Under `output.files` mapping:
* *Key* defines file key (file identifier that can be used in later jobs as input parameter).
* *Value* is the file path, relative to `output_files` directory.
* **Special case**: If the *value* is `*`, then the *key* is considered to be a path (i.e. hierarchical key)
  to a mapping in `output_params.yaml` or `output_params_secure.yaml` to get all values from.
  For example, `output__files__files: '*'` instructs to import and copy all file keys
  listed in `output_params.yaml` and in `output_params_secure.yaml`, under `files` section.


#### Pipeline output
If `output__pipeline_output` parameter is present, then:
* Module output data is copied to `rt/pipeline/output` directory:
  * output params file,
  * output params secure file,
  * output files directory;
* Context descriptor `rt/pipeline/output/context.yaml` is created.
  Path in this context descriptor are relative to `rt/pipeline/output` directory.


#### Report
If variables contain `report` section and/or `report__` prefixed parameters,
an additional artifact will be generated in module input data: pipeline execution report.

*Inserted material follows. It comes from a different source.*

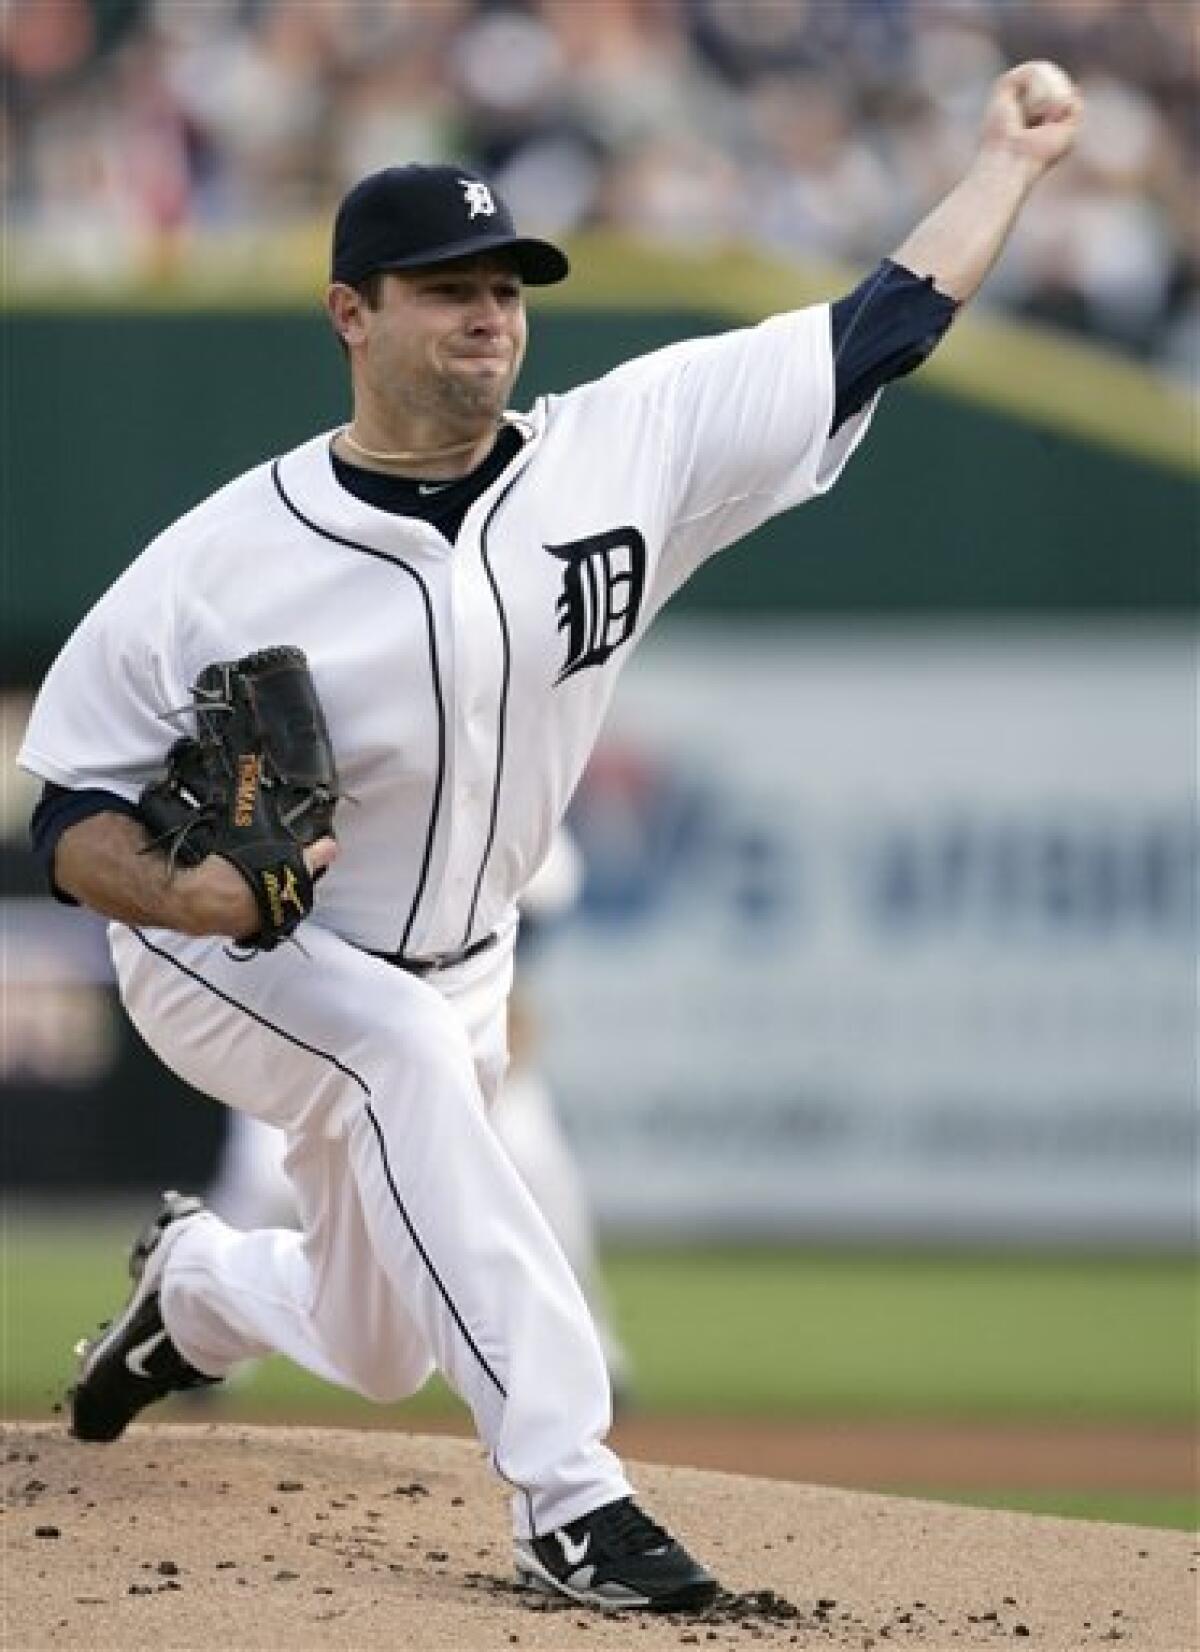 Politi: Against Detroit Tigers, Yankees' Curtis Granderson has one

During module input data preparation, variable `report` is processed as described in
[Job variables transformation](#Jobvariablestransformation) section.

Example of configuration:
```yaml
<job name>:
  variables:
    report: |
      version: v1  # Optional, default is 'v1'
      config:
        - name: PIPELINE_DATA
          value: ...
        ...
```
or equivalent in prefixed format:
```yaml
<job name>:
  variables:
    report__version: v1
    report__config__0__name: PIPELINE_DATA
    report__config__0__value: ...
    ...
```
Minimal configuration to activate report function:
```yaml
<job name>:
  variables:
    report: '{}'
```
`pipeline_execution_report.yaml` is generated and placed into `input_files/` directory.


#### Conditions
During module input data preparation, variable `when` is processed as described in
[Job variables transformation](#Jobvariablestransformation) section.

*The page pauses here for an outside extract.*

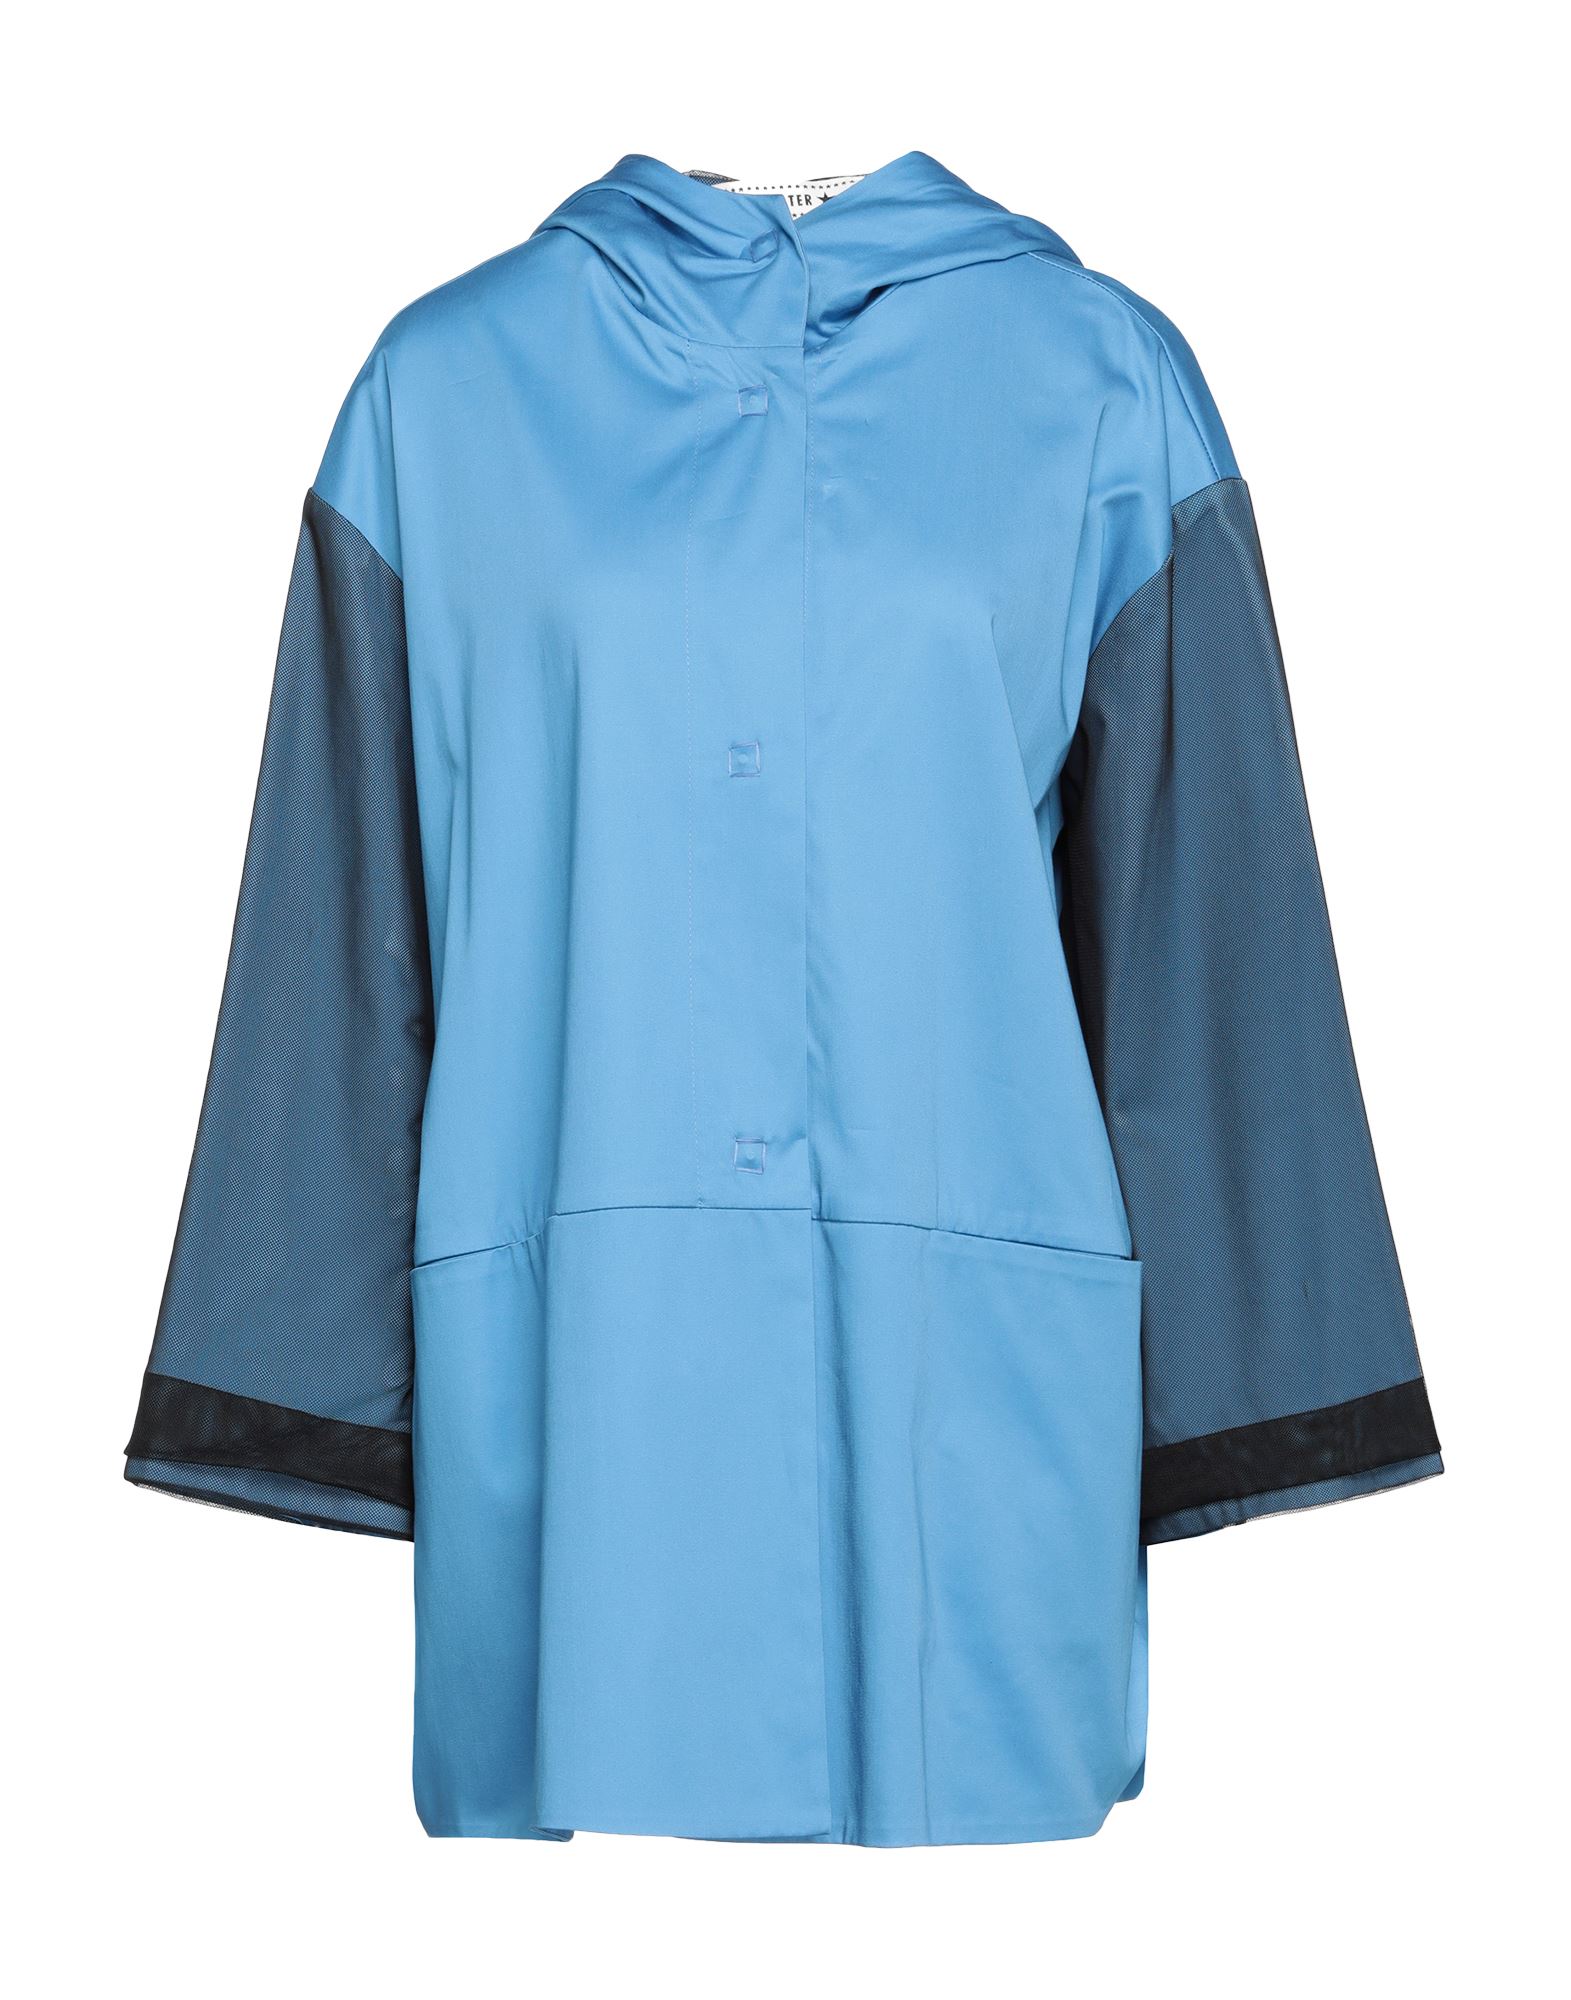 Shirtaporter Overcoats In Blue

If variables contain `when.condition` (`when__condition`):
* its value is treated as a Python expression;
* the following entities can be used as variables in the expression:
  * parameters stored in previous jobs,
  * environment variables;
* if the expression evaluation gives Python falsy value (i.e. `bool(result) == False`), then:
  * an empty file `logs/.when_condition_false` is created (`logs` dir is in the same directory as context descriptor),
  * module_ops exits;
* Exit code is `0` by default,
  but can be changed by setting `QUBERSHIP_PIPELINES_MODULES_OPS_FALSE_CONDITION_EXIT_CODE` environment variable.

Example:
```yaml
<job_name>:
  variables:
    when:
      condition: rate > 95
```

## Development notes

### Storage layout
```txt
rt/
  job_data/    # not a part of public contract
    input_files/
    output_files/
    context.yaml
    input_params.yaml
    input_params_secure.yaml
    output_params.yaml
    output_params_secure.yaml
  stored_data/    # not a part of public contract
    <stage>/
      <job>/
        files/
        logs/
        files.yaml
        params.yaml
      stage.yaml
  pipeline/
    output/
      output_files/
      context.yaml
      output_params.yaml
      output_params_secure.yaml
```

### Testing
For testing purposes, a special handling of input files section is implemented:
```yaml
<job name>
  input:
    files:
      TEMP_FILE1: |
        file1.txt:
        file content
```
If the value of input files entry contains semicolon `:`, then it is treated as `<file_path>:<file_content>`.
* A new file is created in the input files directory, with the given path and content;
* One leading line break in the content is trimmed, if presents;
* The file key (`TEMP_FILE1` in the example above) is ignored.